Overview: An ectopic pregnancy is when pregnancy occurs somewhere other than the womb, or uterus. In an ectopic pregnancy, the baby is unable to survive and the condition presents life-threatening risks to the mother. Because other organs are unable to sustain a growing fetus, there is a high chance of internal bleeding when left untreated.
In a normal pregnancy, a fertilized egg implants itself in the uterus, where it grows and develops into a full size fetus. With an ectopic pregnancy, the egg becomes lodged somewhere else, typically the fallopian tubes. If the developing cells are allowed to remain there, the consequences can be fatal.
The risk of an ectopic pregnancy increases in women who have had a previous ectopic pregnancy or fertility issues. Women who have unusually shaped fallopian tubes are also at an increased risk.

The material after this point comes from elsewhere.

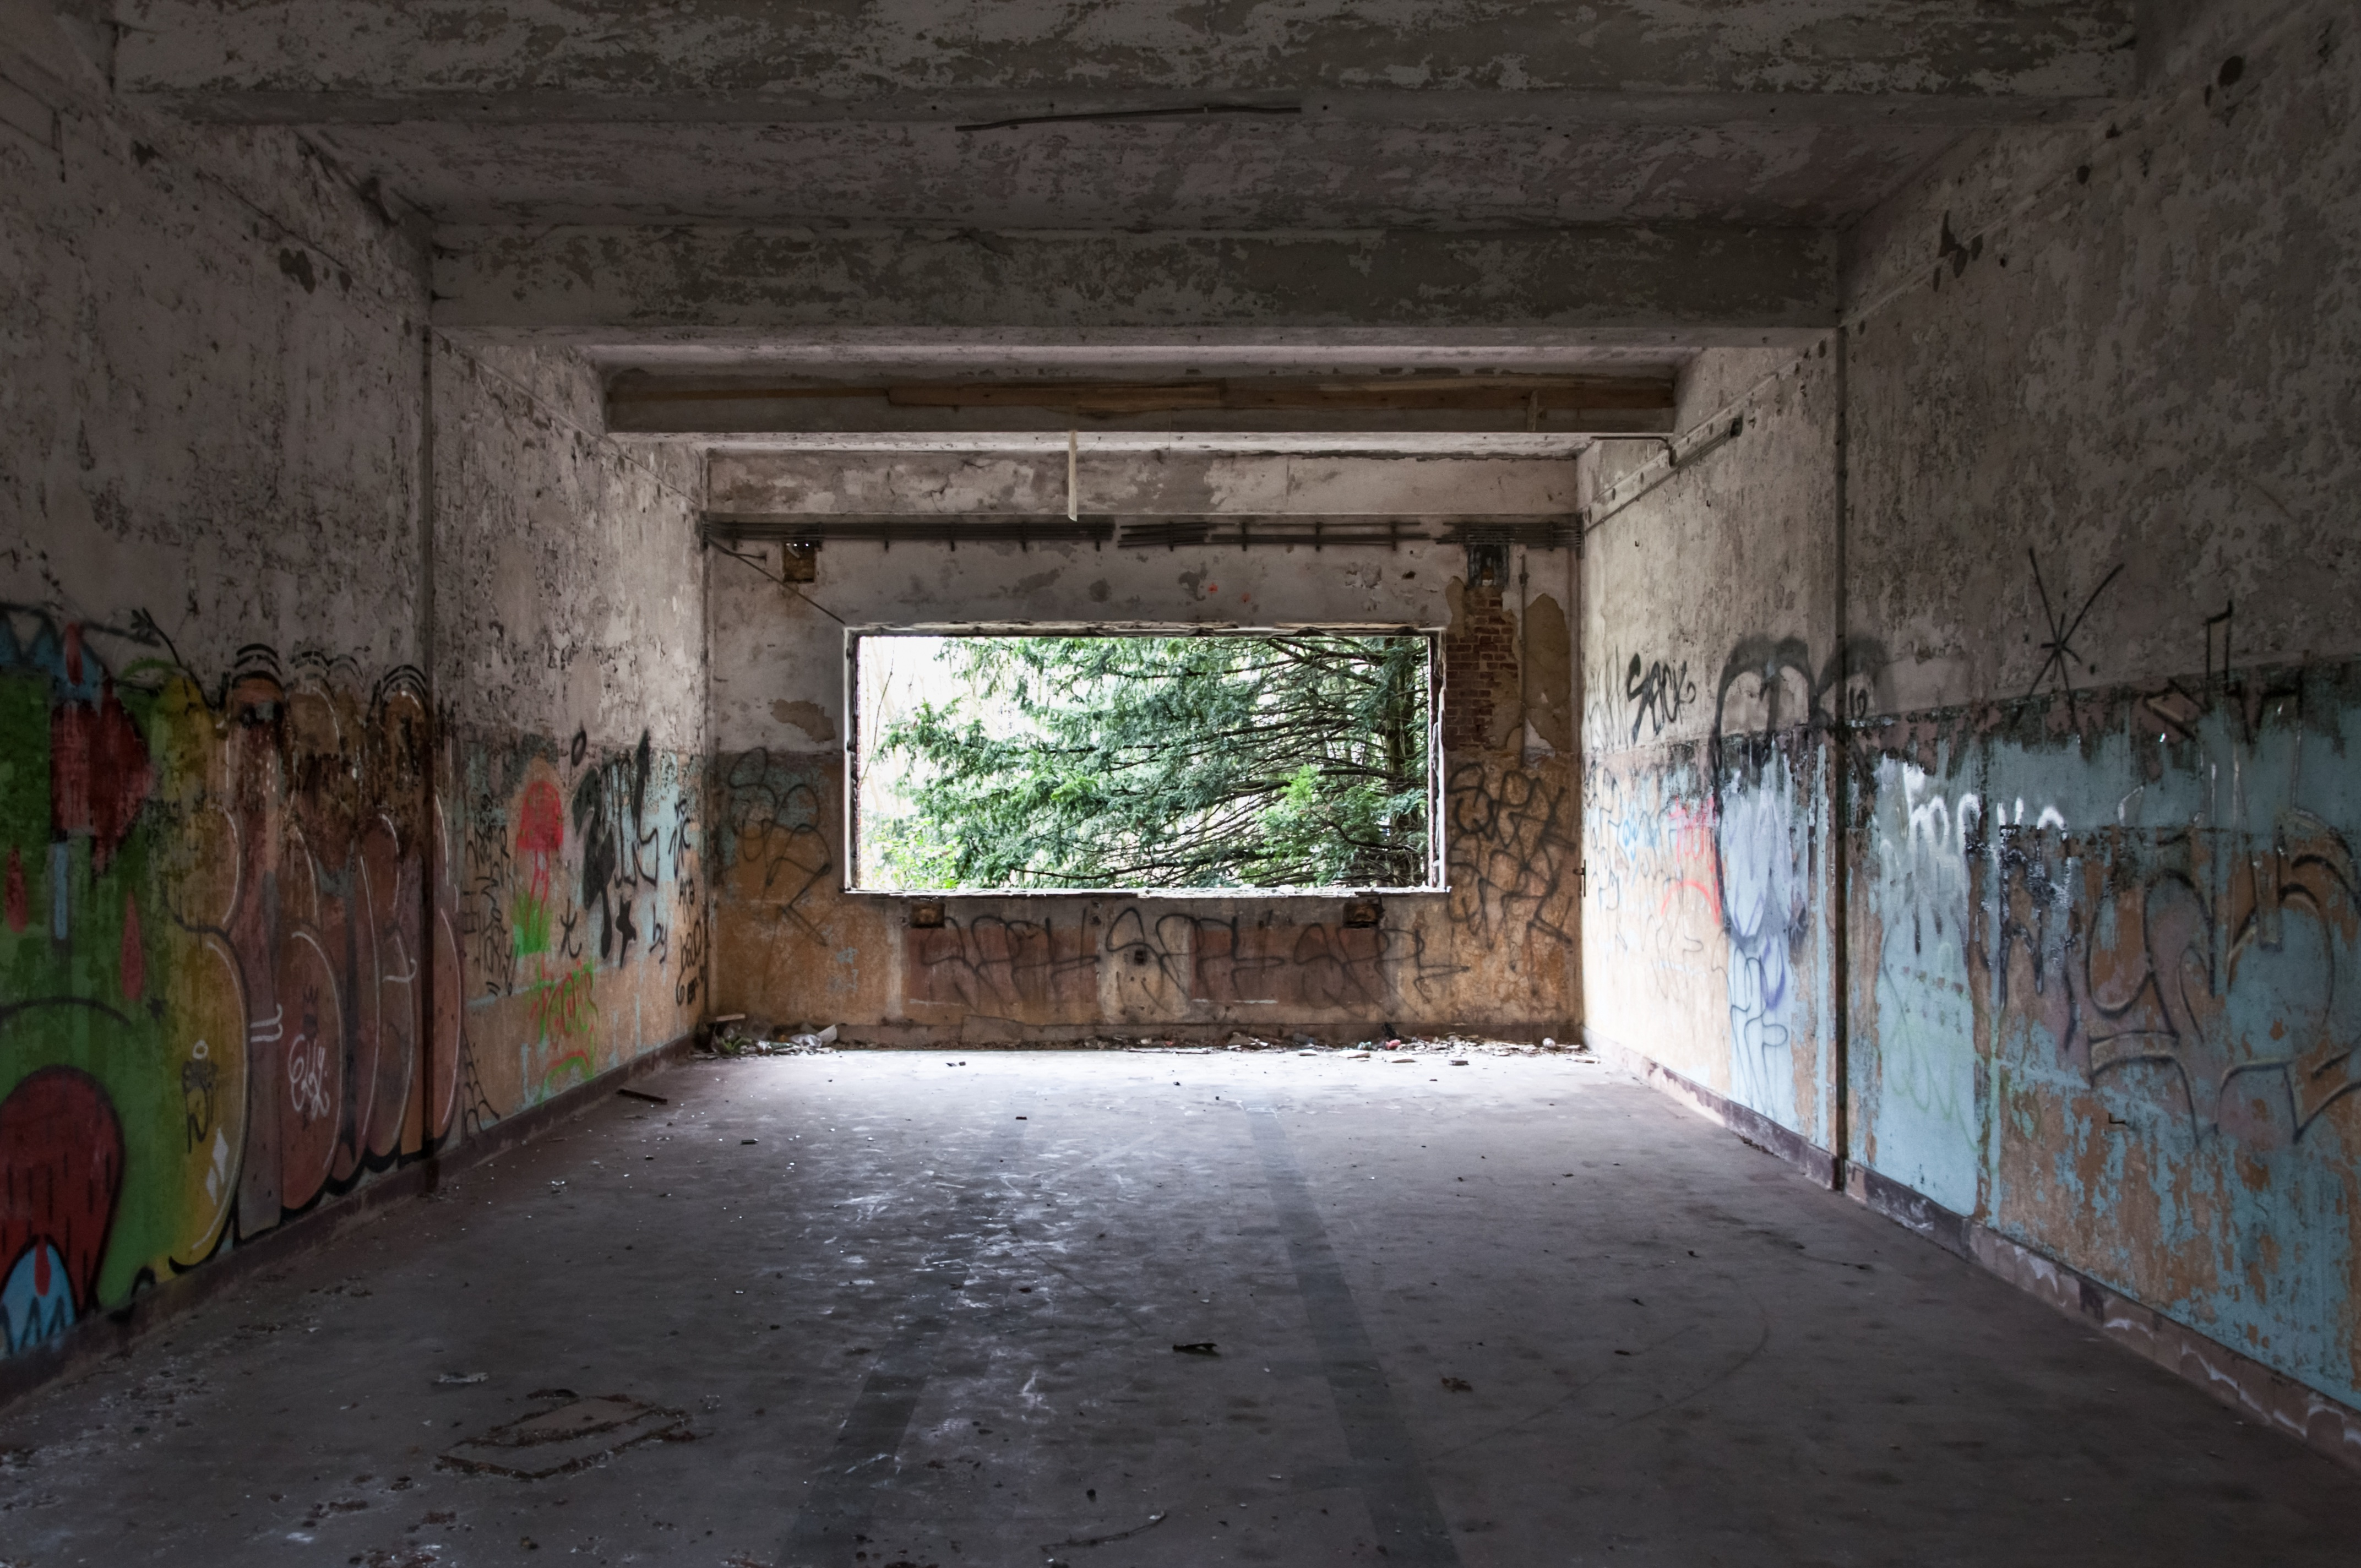 1950s Car Wallpaper Ruin Building Full Of Graffiti Artworks During Daytime

Pelvic inflammatory disease is also another risk factor, because it causes inflammation of the reproductive organs.
According to Mayo Clinic, women implanted with an intrauterine device (IUD) such as the Mirena have a higher chance of having an ectopic pregnancy if it does occur. Mirena is also associated with pelvic inflammatory disease. An IUD is a type of contraceptive that is implanted inside the uterus for long periods of time. Although it is meant to stay in one place, there is a chance that Mirena can relocate and actually puncture, or perforate, the walls of the uterus during implantation. When this occurs, the device may no longer be effective, and women may be exposed to an increased risk of infection, scarring and organ damage.

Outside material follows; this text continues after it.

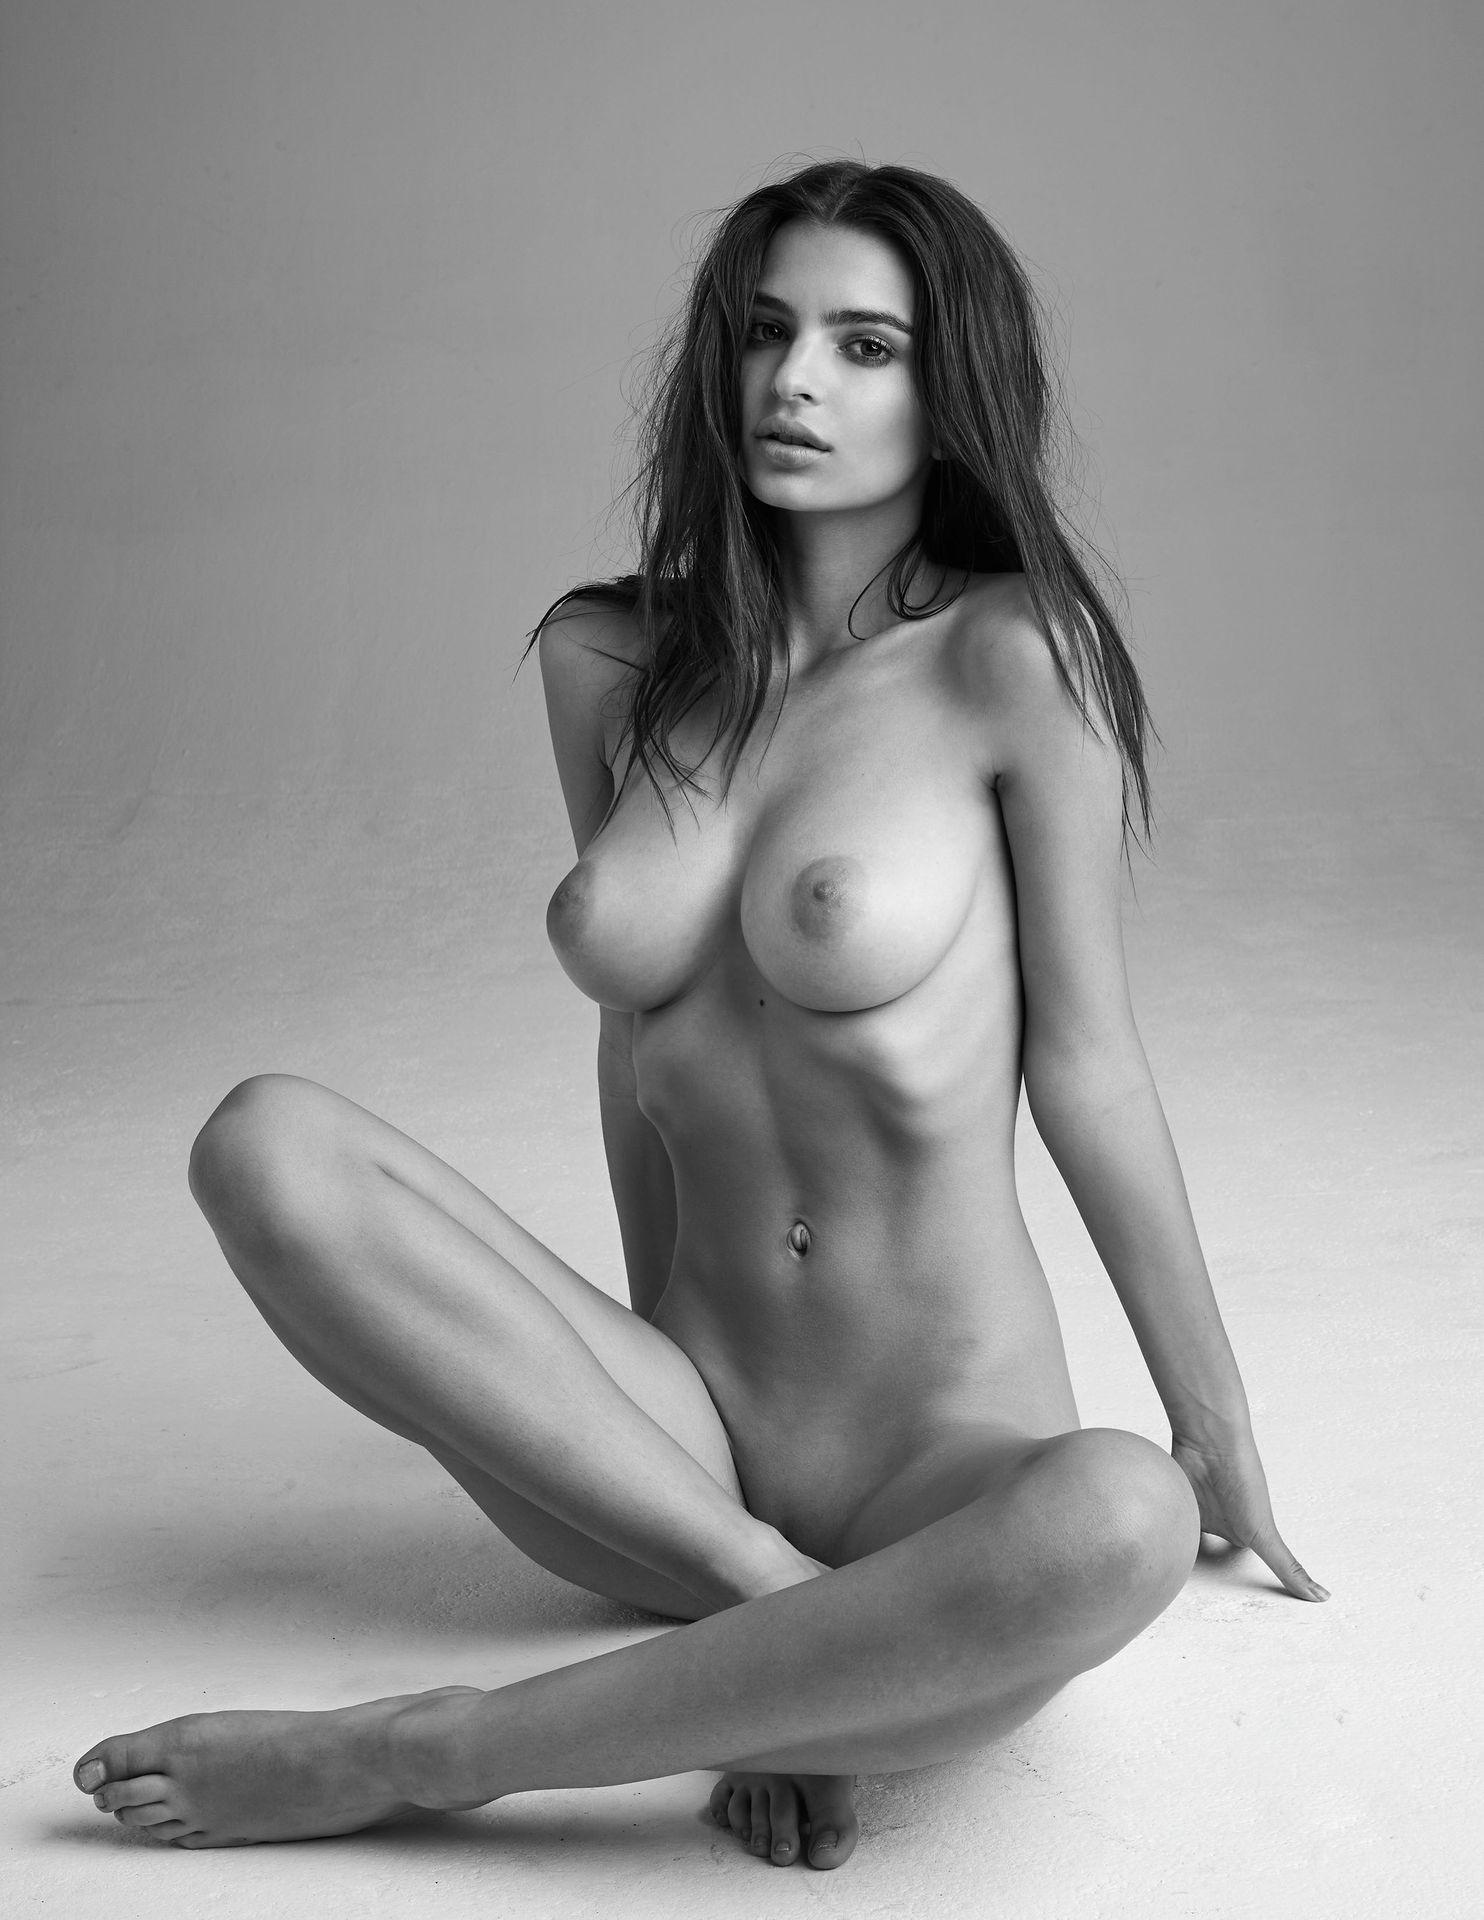 Emily-Ratajkowski-Nude-17-thefappeningblog.com_.jpg

At first, there may no obvious signs of that a pregnancy is ectopic. In some instances, the pregnancy appears normal and symptoms include a missed period, nausea and breast tenderness. According to Mayo Clinic, the warning signs of an ectopic pregnancy usually include:
- abdominal pain and vaginal bleeding.
- Extreme light-headedness or fainting
Seek medical attention right away if you think you have an ectopic pregnancy. If allowed to continue, it will cause the fallopian tubes to burst, causing internal bleeding. If you are implanted with Mirena IUD, mention this to your physician as well. Mirena users should check monthly to make sure that the strings are in place. If you can’t find them, contact your healthcare professional because this might mean that the device has perforated the uterine wall; use back-up birth control in the meantime.